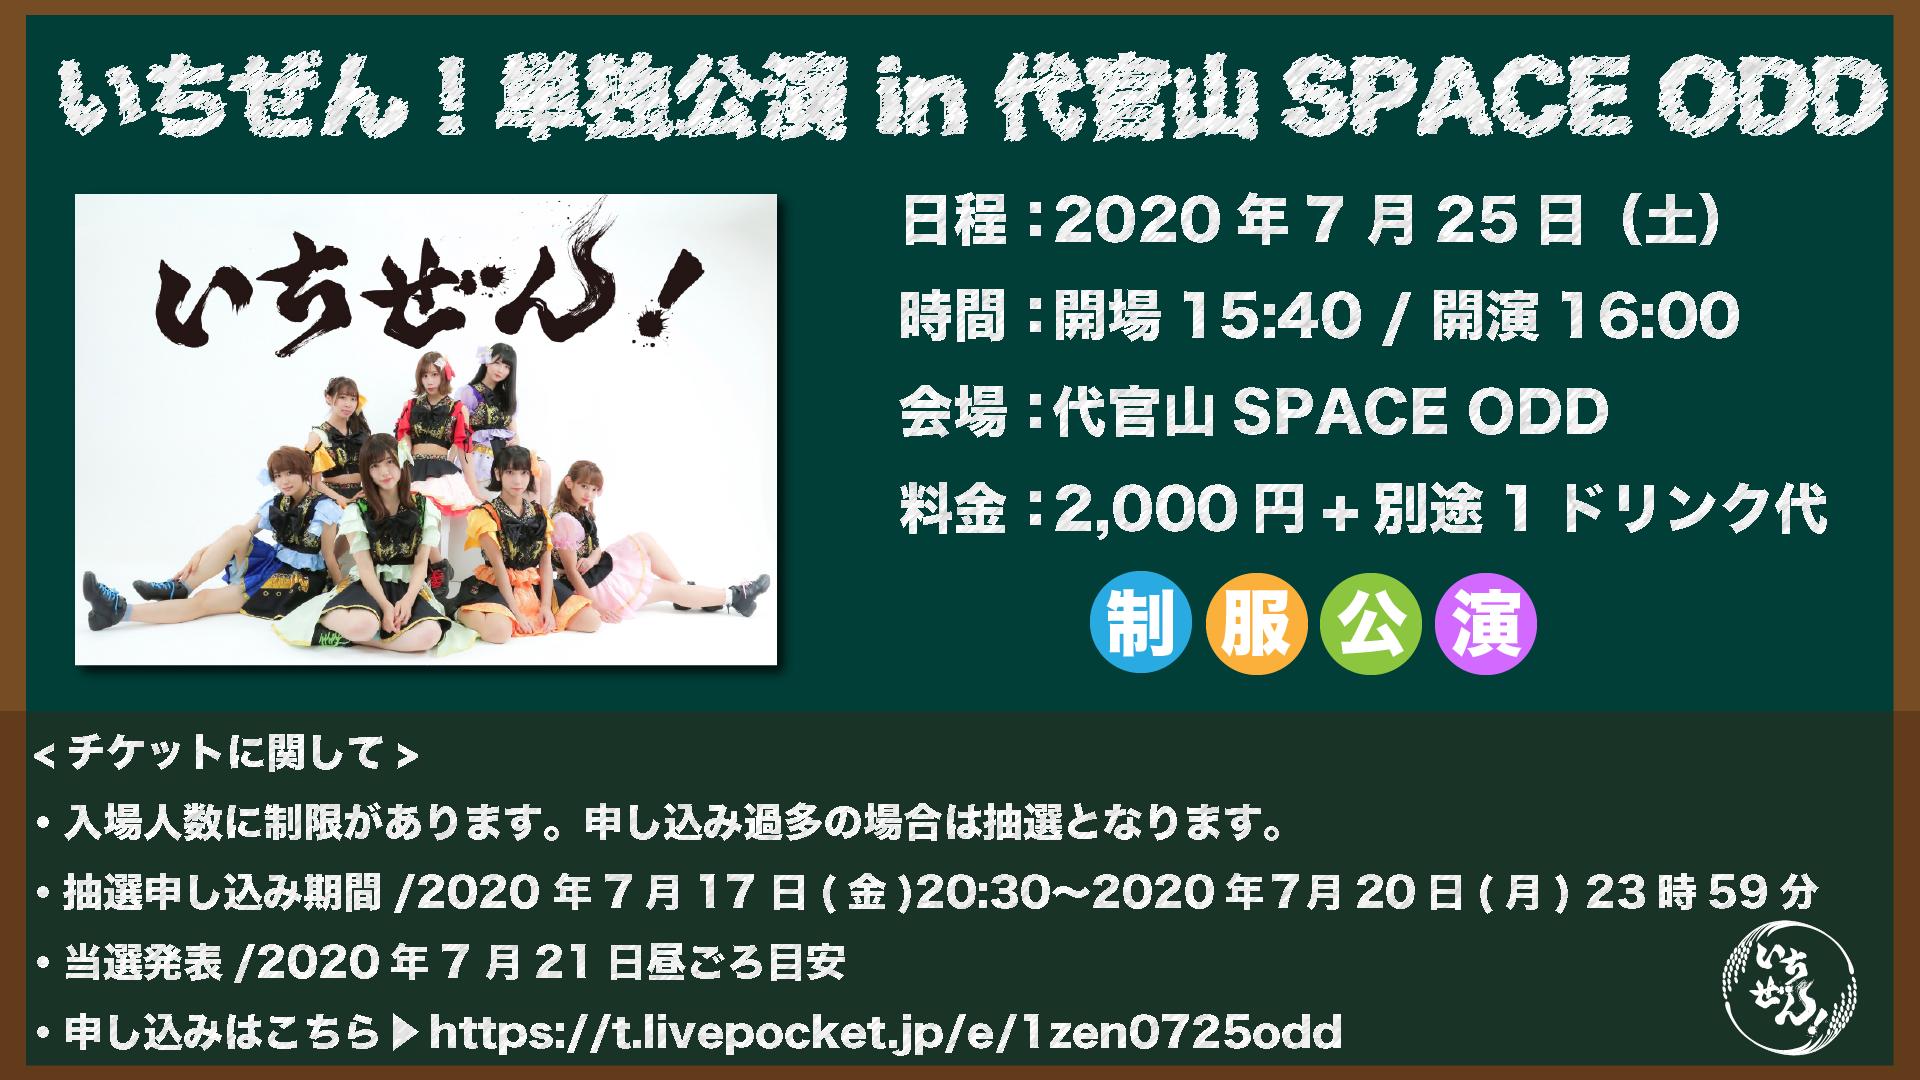 いちぜん!単独公演 in 代官山SPACE ODD
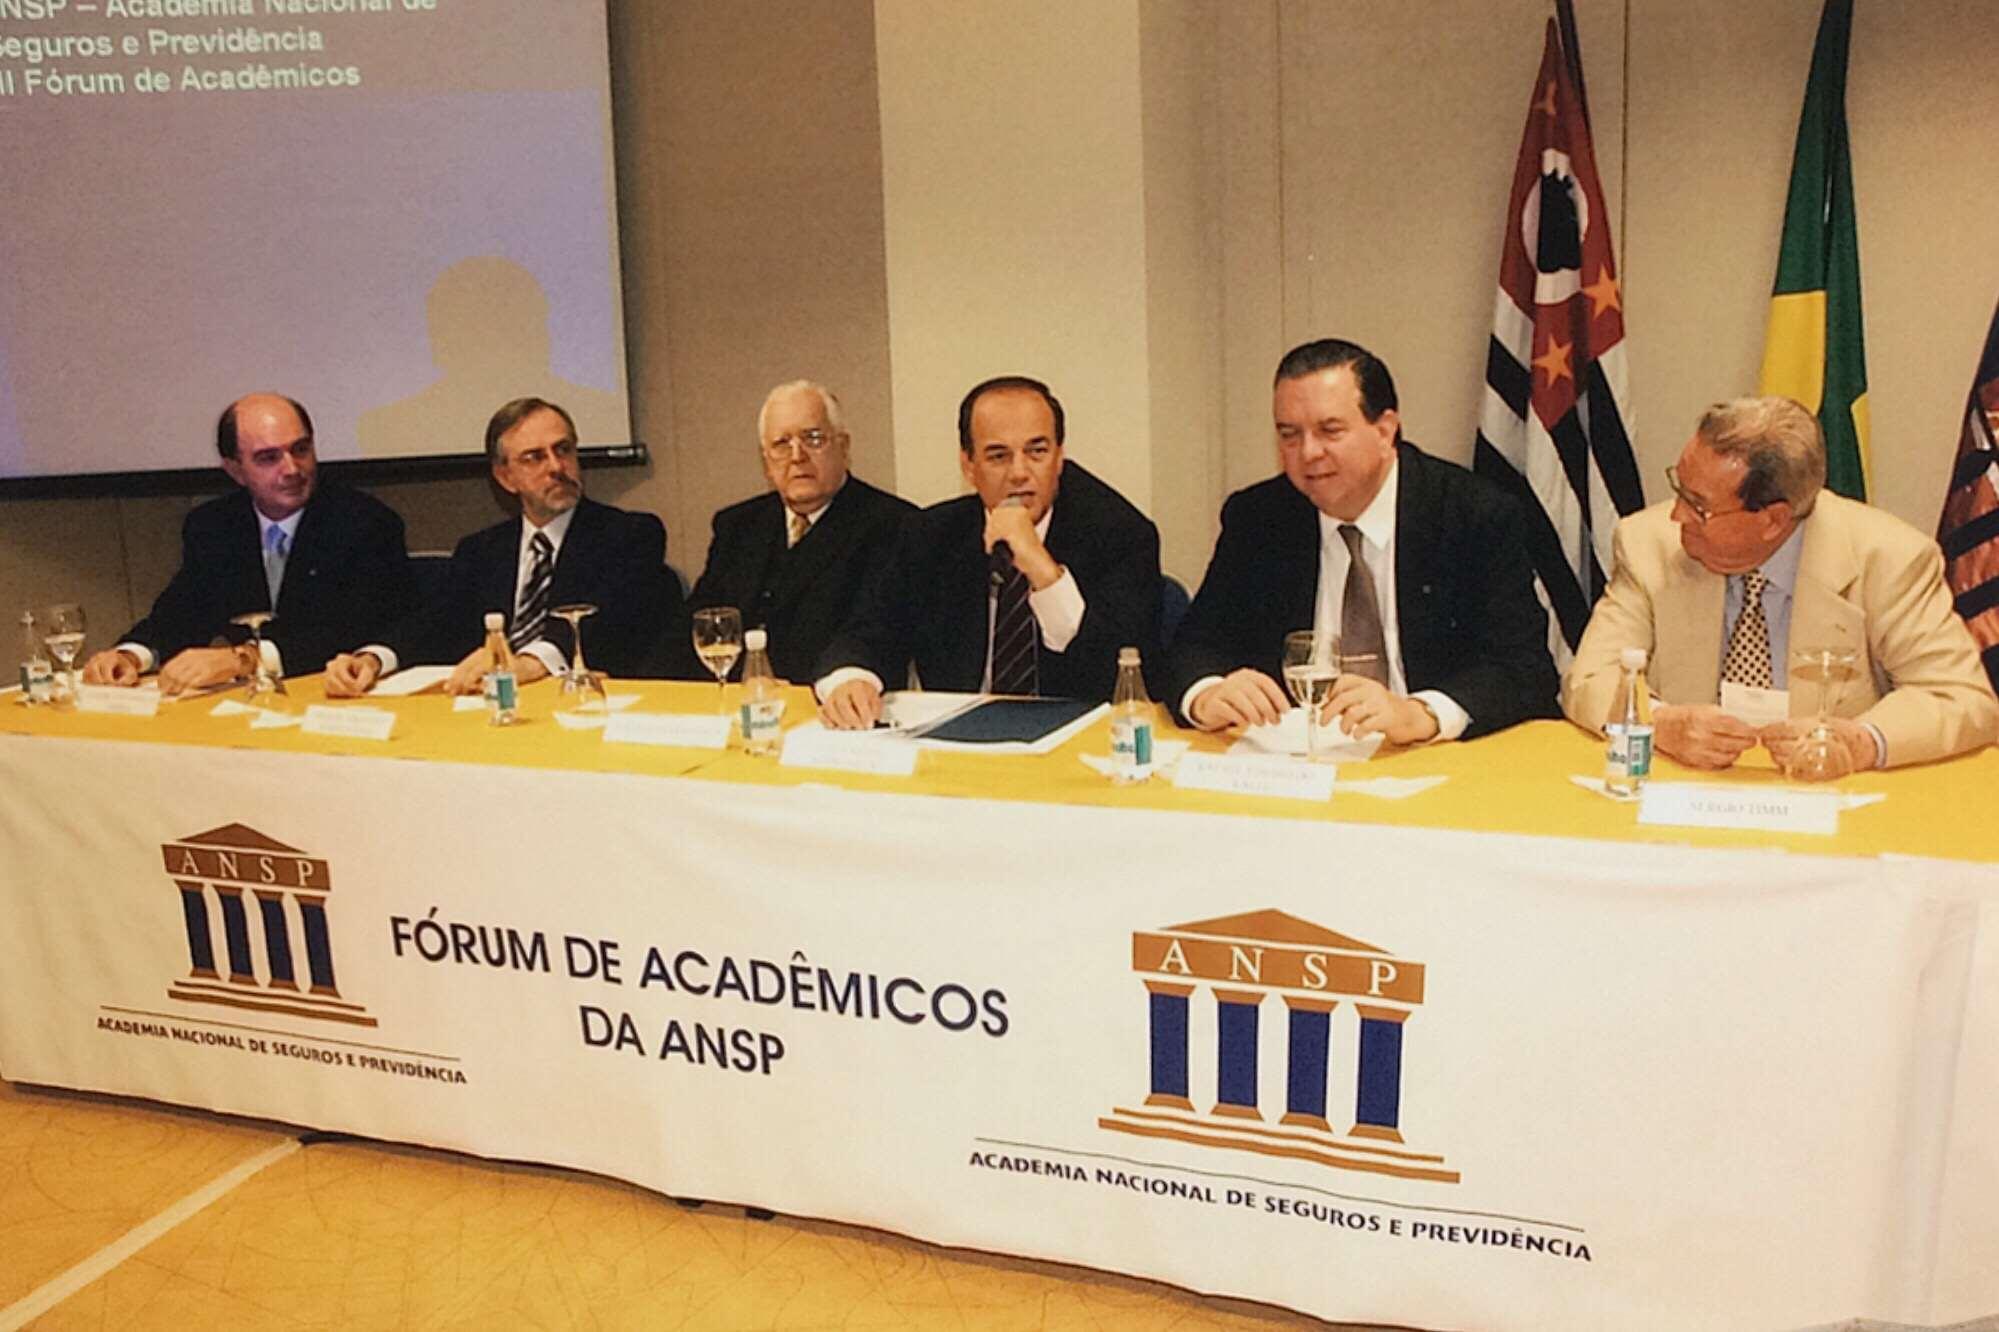 III Fórum de Acadêmicos – 2004
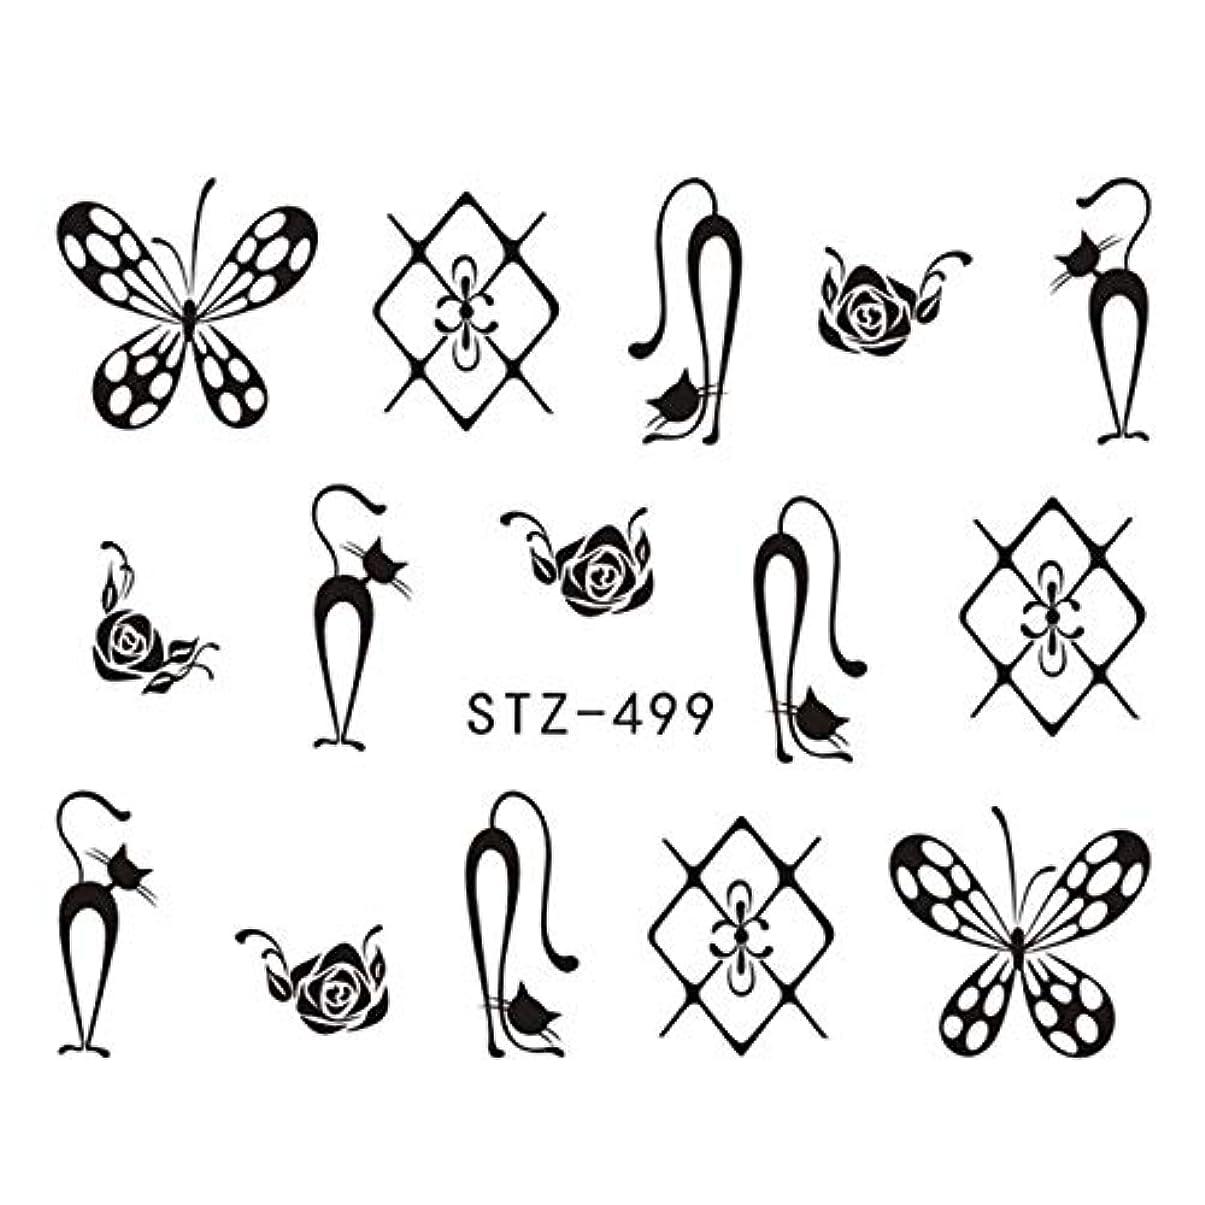 狂乱筋生むCELINEZL CELINEZL 3 PCS DIYファッション水転写アートデカールネイルステッカー(STZ500) (色 : STZ499)

◆ ◆ ◆ ◆ ◆ ◆ ◆

AIM OF THE EXERCISE:
Print every line of the material exactly as written, but drop the pictures.

SOLUTION:
 いちぜん!単独公演 in 代官山SPACE ODD
 III Fórum de Acadêmicos – 2004
 狂乱筋生むCELINEZL CELINEZL 3 PCS DIYファッション水転写アートデカールネイルステッカー(STZ500) (色 : STZ499)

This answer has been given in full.